Dr Kristian Niemietz is the IEA's Editorial Director, and Head of Political Economy. Kristian studied Economics at the Humboldt Universität zu Berlin and the Universidad de Salamanca, graduating in 2007 as Diplom-Volkswirt (≈MSc in Economics). During his studies, he interned at the Central Bank of Bolivia (2004), the National Statistics Office of Paraguay (2005), and at the IEA (2006). He also studied Political Economy at King's College London, graduating in 2013 with a PhD. Kristian previously worked as a Research Fellow at the Berlin-based Institute for Free Enterprise (IUF), and taught Economics at King's College London. He is the author of the books "Socialism: The Failed Idea That Never Dies" (2019), "Universal Healthcare Without The NHS" (2016), "Redefining The Poverty Debate" (2012) and "A New Understanding of Poverty" (2011).

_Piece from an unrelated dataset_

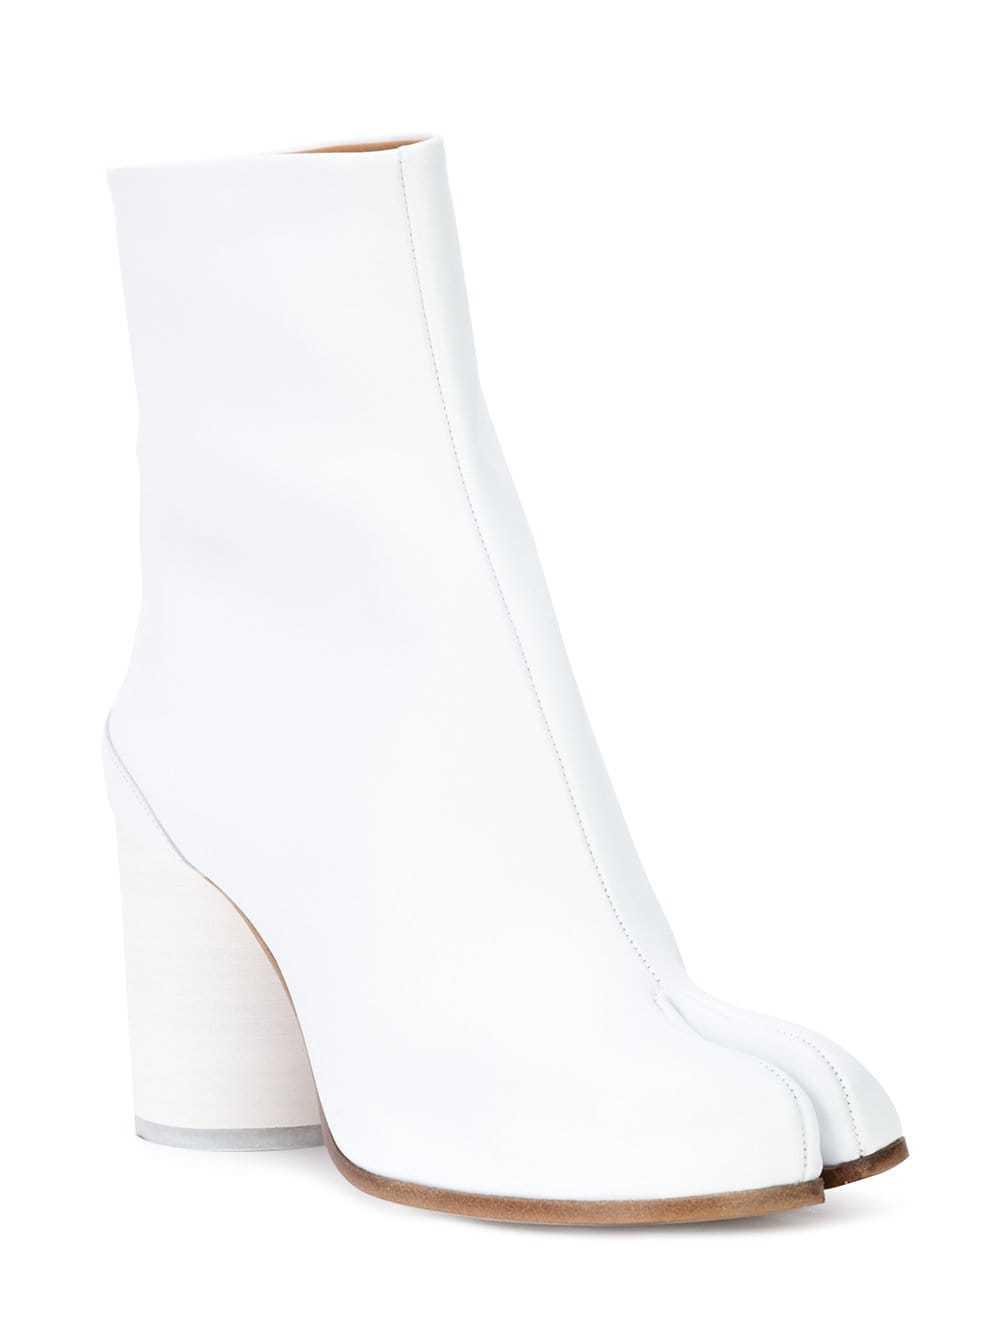 03b7417ec072 Maison Margiela Tabi Ankle Boots

4 thoughts on “Why greenbelt reform is not a lost cause”

  1. Posted 25/09/2015 at 11:47 | Permalink

    If the value freeholders get from planning regulations are capitalised into land values, why not get them to pay for them? That way, by internalising all the economic and spatial externalities that gives location its value the market can operate efficiently. Ending excessive vacancy, under occupation and land banking. Furthermore, shouldn’t people be given the choice of whether they want to pay for the value they get from planning regulations? Niemietz’s position of knowing what is best of the consumer by abolishing something that gives people economic welfare seems at odds with the ideals of free choice. By aligning incentives issues like housing affordability sort themselves out. We wouldn’t even need a Greenbelt.

  2. Posted 25/09/2015 at 12:01 | Permalink

    You mean private restrictive covenants? I’d be OK with that.

  3. Posted 25/09/2015 at 12:04 | Permalink

    in fact, I had no idea of the extent of the greenbelt until the IEA meeting with Paul Cheshire recently. I knew it existed and was a problem but I did not realise that it was so big. I had thought that local authorities stopped development on much more general grounds.

  4. Posted 26/09/2015 at 11:47 | Permalink

    Urban sprawl is a symptom of a free market. It would not be a feature of an efficient market where freeholders would pay rent (in lieu of taxes), instead of imputing it. It is the free lunch of imputed (land) rent that leads to overconsumption and misallocation. Causing urban sprawl, vacancy, under occupation and the need for Greenbelt planning regulations in the first place. So, how about treating the problem rather than blaming symptoms? Then we can happily scrap the Greenbelt, having made housing affordable at the same time.